A national organization that supports oil and gas leaseholders is furious that Pennsylvania legislators passed a bill that its members claim would allow forced pooling in the state. They are urging people to contact Gov. Tom Corbett to get a veto.

According to the Pennsylvania chapter of the National Association of Royalty Owners (NARO), the group was repeatedly told over the last two weeks that SB 259, which passed on Sunday, did not contain a provision allowing forced pooling.

SB 259 and a second bill, HB 1414, both contain language, labeled as Section 2.1, which addresses apportionment. The bills stipulate that “where an operator has the right to develop multiple contiguous leases separately, the operator may develop those leases jointly by horizontal drilling unless expressly prohibited by a lease.”

The section continues, saying that “in determining the royalty where multiple contiguous leases are developed, in the absence of an agreement by all affected royalty owners, the production shall be allocated to each lease in such proportion as the operator reasonably determines to be attributable to each lease.”

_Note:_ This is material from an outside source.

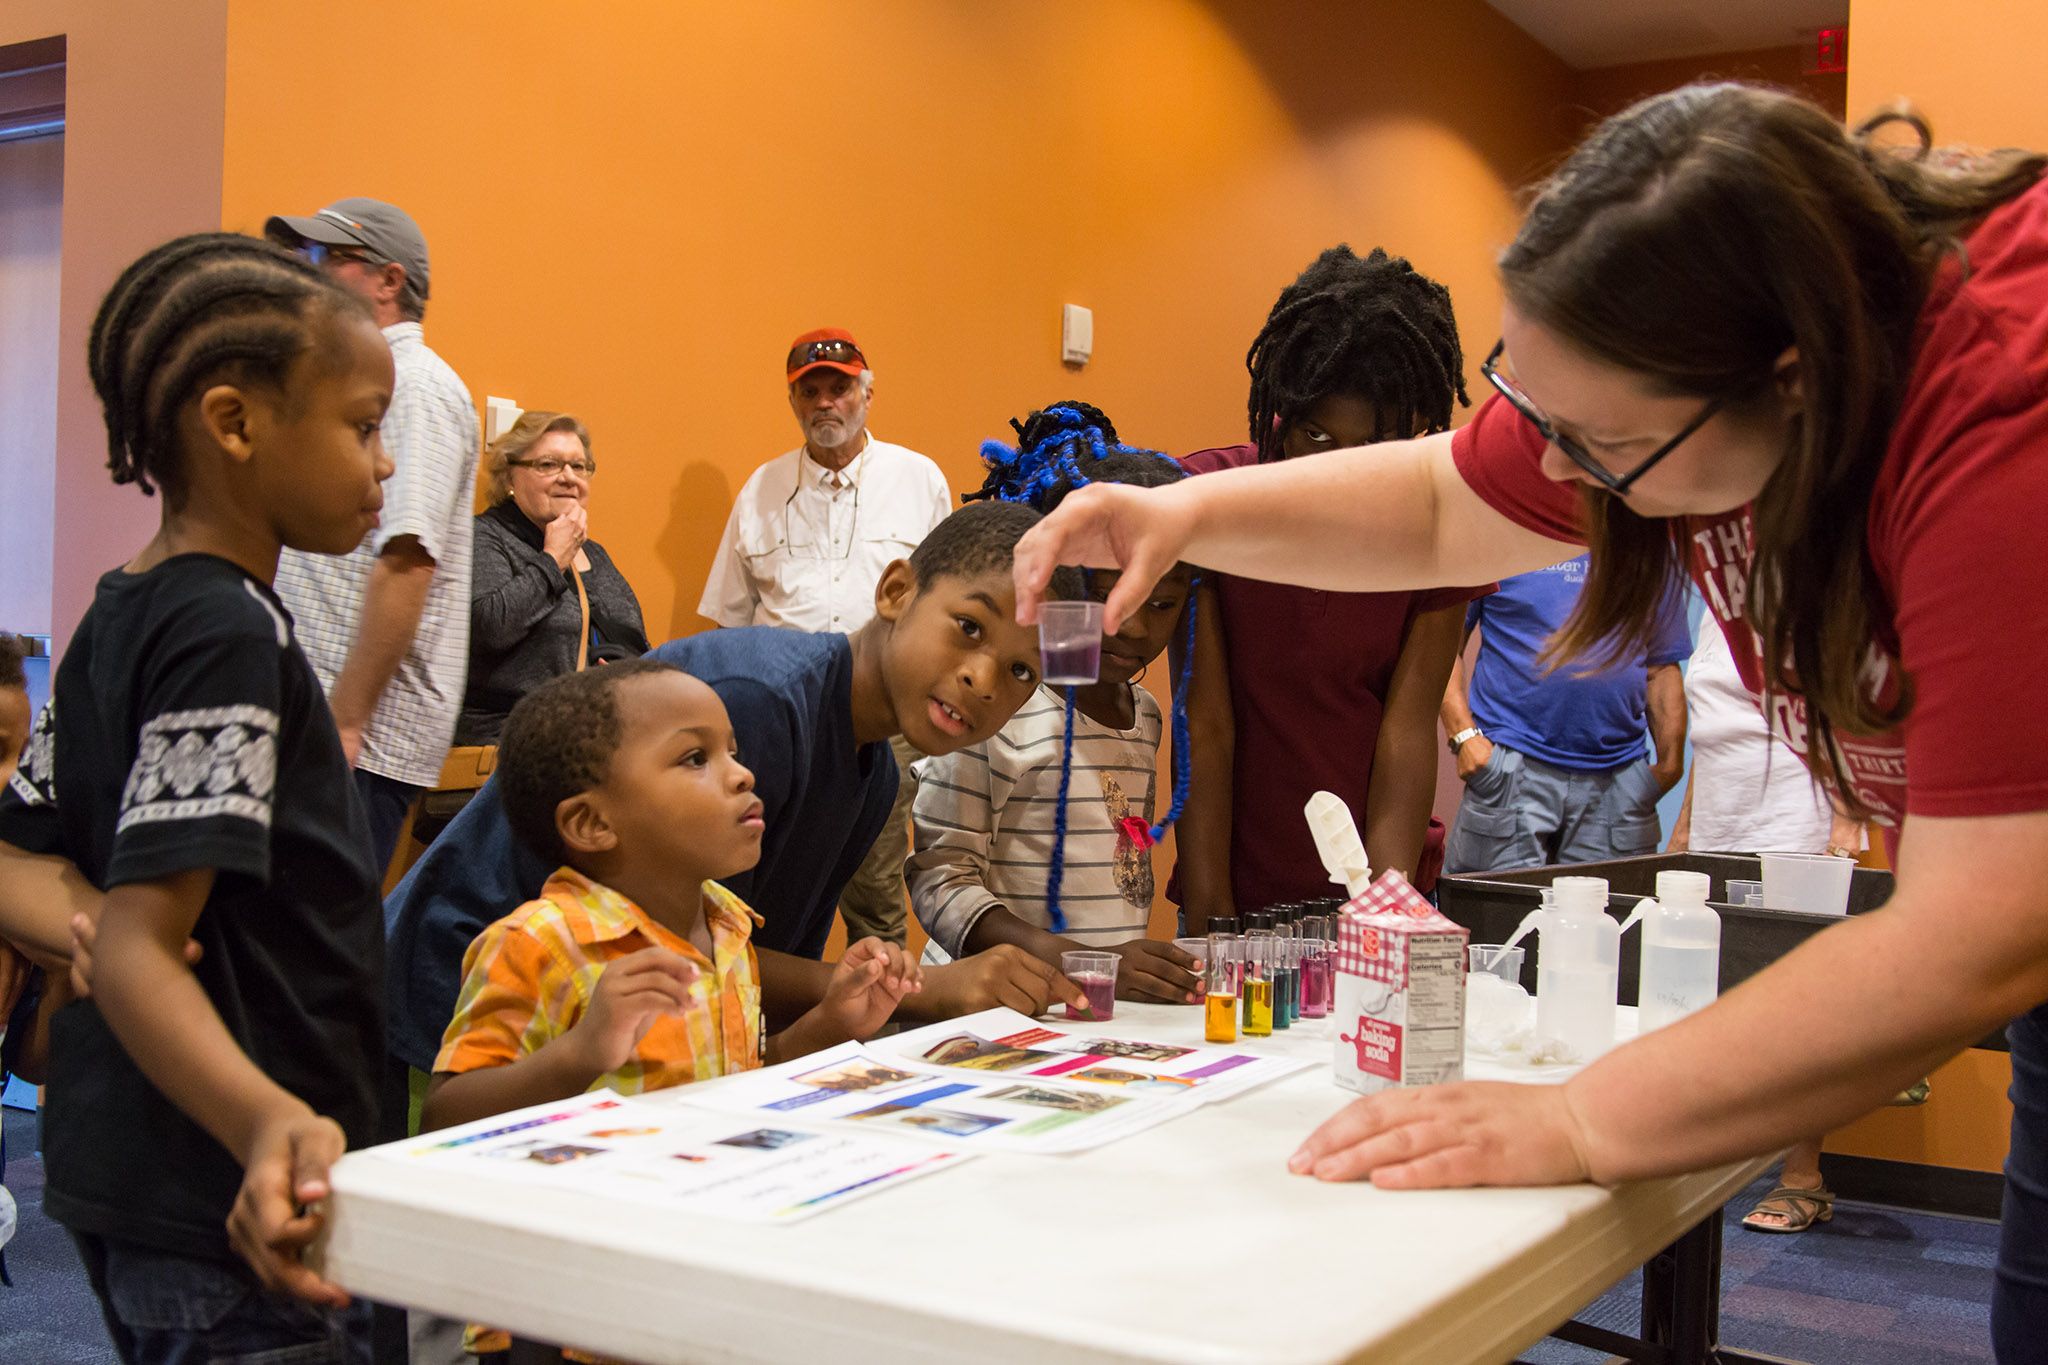 Research Scientist Molly McGath is seen showing young black children a scientific experiment using water colors and small beakers. The children are peering into the glass Molly is holding in front of them.
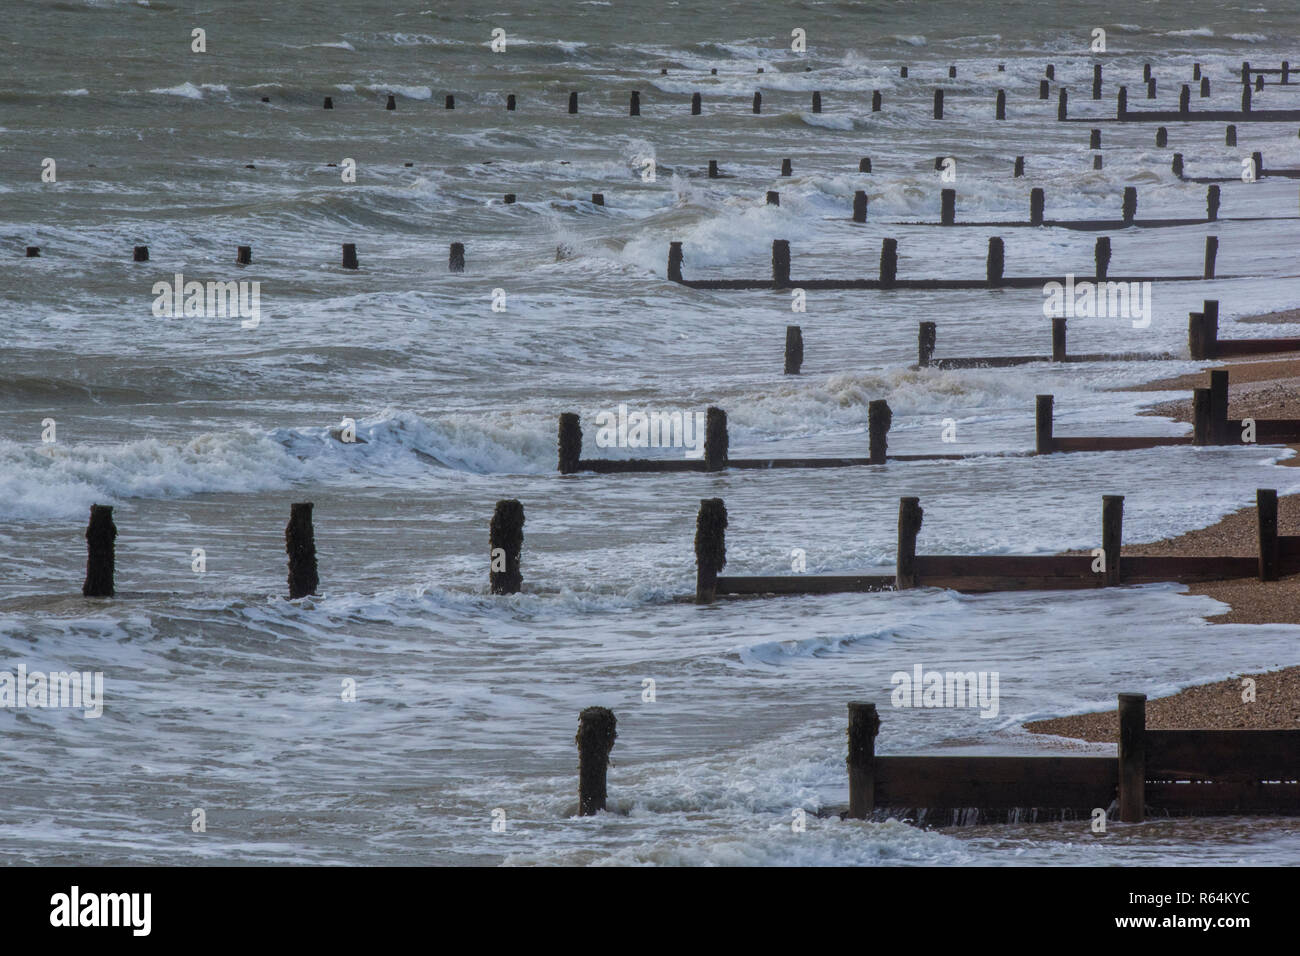 wooden groynes and breakwaters on the seafront in rough weather at Bognor regis in west sussex. Stock Photo

Dale Tice, an attorney with the firm Marshall, Parker & Associates LLC, said NARO was surprised the language contained in Section 2.1 was added to the bills. He said many landowners hold old oil and gas leases that allowed pooling of formations below the Onondaga Horizon, but not the Marcellus Shale. Others hold oil leases now held by shallow gas production with vertical wells, but which don’t include a pooling provision and pay the state’s minimum royalty of 12.5%.

“In order to include these leases in a Marcellus production unit, the gas company has to negotiate an amendment to the lease in allowing pooling of the Marcellus formation,” Tice said in a statement posted on NARO’s website. “This negotiation provides the landowner an opportunity to negotiate a better lease with a higher royalty and increased landowner protection…”

“My concern is that Section 2.1 may be construed to allow these old leases that don’t have a pooling provision — but don’t expressly prohibit it — to be included in [a] production unit that will be developed with horizontal drilling, without the lessor’s agreement to amend the lease to allow Marcellus pooling,” Tice said.

If that happens, Tice said the Pennsylvania General Assembly “will have effectively eliminated the impacted landowners’ ability to negotiate landowner-friendly terms or a higher royalty into a lease amendment.”

Trevor Walczak, vice president of NARO’s Pennsylvania chapter, also railed against Section 2.1. “This provision has no place in this bill,” Walczak said. “If the legislature wants to expand our antiquated and predatory pooling laws, we should do it in the light of day with the people who will be most affected, not behind closed doors with the people who will benefit the most by it.

“This is the fox watching the hen house. It’s bad business and bad politics.”

SB 259 passed the state Senate unanimously on Feb. 5, 50-0. It was then sent to the state House of Representatives, and referred to the House Environmental Resources and Energy Committee. The committee amended the bill and passed it, 24-1, on June 25. The amended bill then passed the House on June 28 (167-33), and the Senate on June 30 (48-2), before being sent to Gov. Tom Corbett for his signature.

HB 1414 unanimously passed the House on June 11, 200-0, but it was not introduced in the Senate.

Steve Forde, spokesman for the Marcellus Shale Coalition (MSC), told NGI’s Shale Daily that SB 259 was designed to give royalty owners more information, and to add transparency to the royalty payment process by categorizing various deductions.

“Additionally, this piece of legislation provides for ongoing development of existing leases in the most efficient and environmentally sensitive manner while guaranteeing fair compensation to the landowner,” Forde said Tuesday. “The MSC supports this bill, as it will provide royalty owners with additional information, while also addressing challenges with existing leases that already allow for natural gas development.”

In a statement to NGI’s Shale Daily, SB 259’s primary sponsor, State Sen. Gene Yaw (R-Lycoming), said Section 2.1 was added during House deliberations.

“This language has no relation to forced pooling, as some have suggested,” Yaw said Tuesday. “It simply allows for combining properties already leased by the same company into a larger tract. In other words, one company must own 100% of the leases involved. This will dramatically reduce the amount of surface disturbance while still allowing the royalty owner an opportunity to more efficiently develop their mineral interests.”

It was unclear if Corbett would sign the bill. The Republican governor has been a vocal opponent of forced pooling, dubbing it “private eminent domain” (see Shale Daily, April 27, 2011).